Methods: The authors retrospectively collected data from all consecutive patients who underwent SLAH for MTLE using a single MRI-compatible targeting platform (ClearPoint) for SLAH at Emory University between June 2013 and October 2019. Univariable analysis, including the Student t-test, 1-way ANOVA, chi-square test, and Wilcoxon rank-sum test, was used to assess the relationship between surgical characteristics and outcomes.

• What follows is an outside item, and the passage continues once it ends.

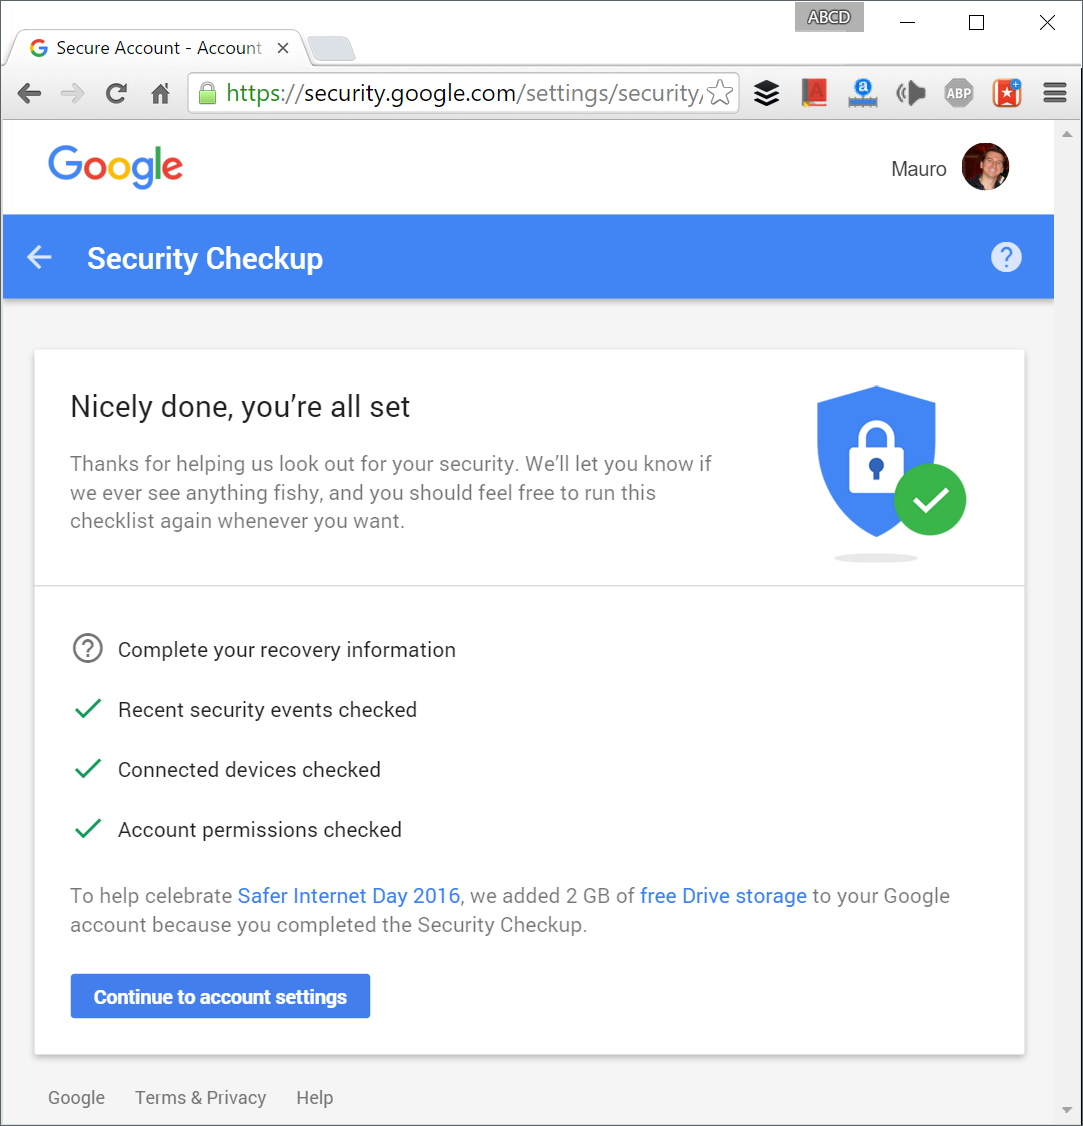 2 GB de Google Drive gratis mediante control de seguridad en el Día de Internet Seguro 2016
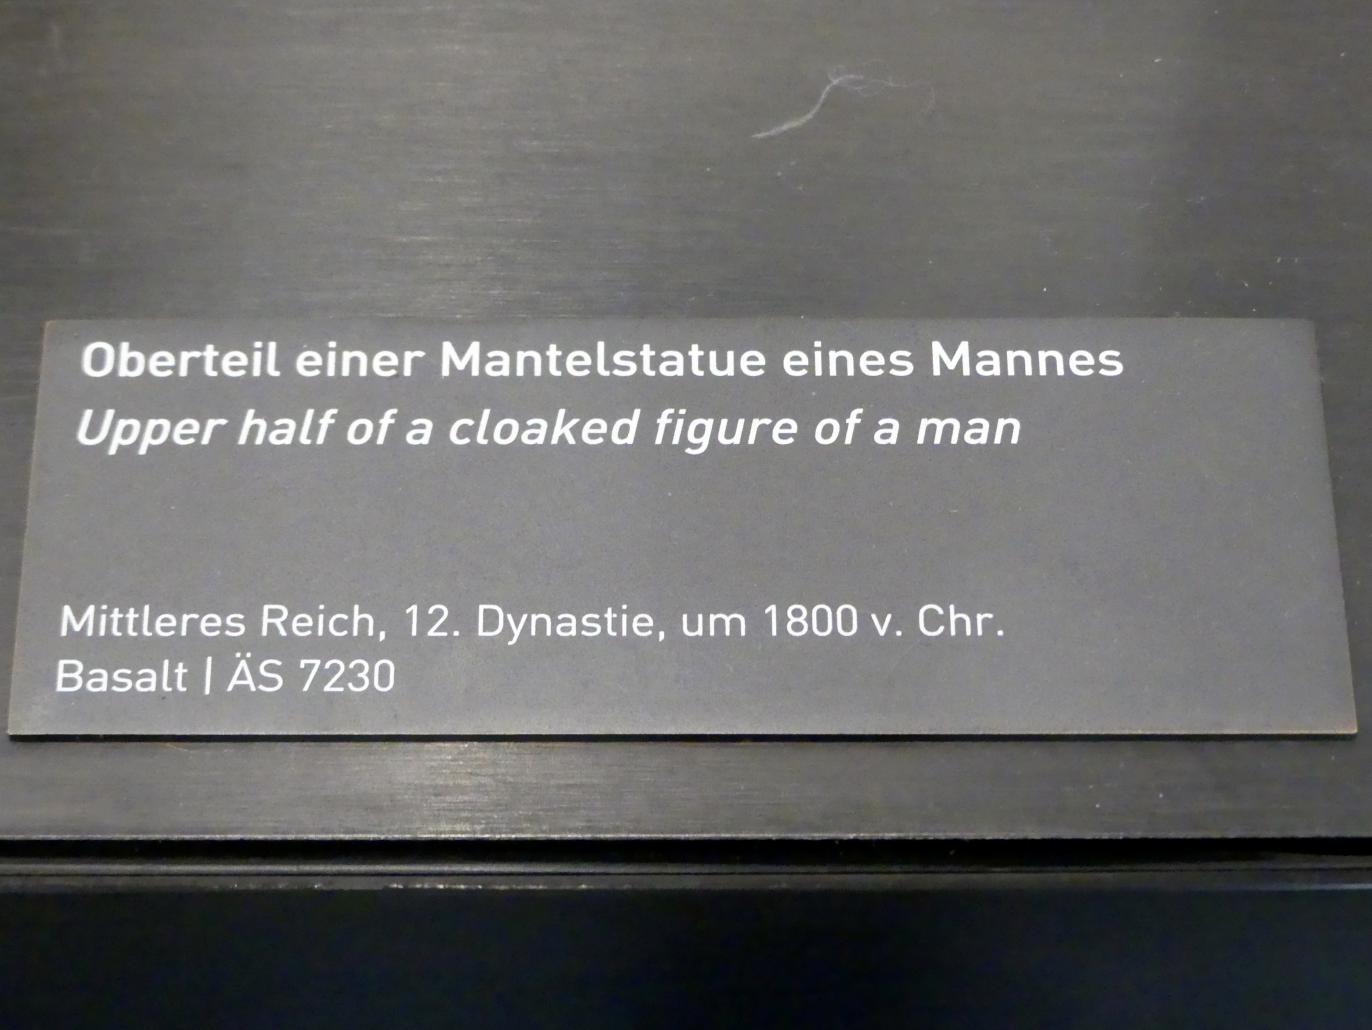 Oberteil einer Mantelstatue eines Mannes, 12. Dynastie, 1678 - 1634 v. Chr., 1800 v. Chr., Bild 2/2

Results: The authors analyzed a total of 91 patients who underwent 97 procedures with 114 total trajectories between June 2013 and October 2019. All patients had a diagnosis of MTLE, as determined by scalp or intracranial EEG, with a mean ± SD age at surgery of 42.8 ± 12.9 years and a mean seizure onset age of 19.3 ± 14.7 years. The mean number of trajectories was 1.39 ± 0.6 (range 1-3), with an overall mean target error of 1.2 ± 1.0 mm (range 0.1-4.7 mm). Target errors improved significantly over time, demonstrating a learning effect. Entry-to-target distance was 106.5 ± 11.5 mm (range 62.6-127.3 mm) and did not correlate to error. At the 12-month follow-up, 46 (50.5%) had an Engel score I, 21 (23.1%) had an Engel score II, 16 (17.6%) had an Engel score III, 5 (5.5%) had an Engel score IV, and 3 were lost to follow-up. Of the 66 patients who had mesial temporal sclerosis (MTS), 38 (56%) had Engel score I, 15 (23%) had score II, 9 (14%) had score III, and 3 (4.5%) had score IV at 12 months, with 1 lost to follow-up. Of the 25 patients without MTS, 8 (32%) had Engel score I, 6 (24%) had score II, 7 (28%) had score III, and 2 (8.0%) had score IV at 12 months, with 2 lost to follow-up.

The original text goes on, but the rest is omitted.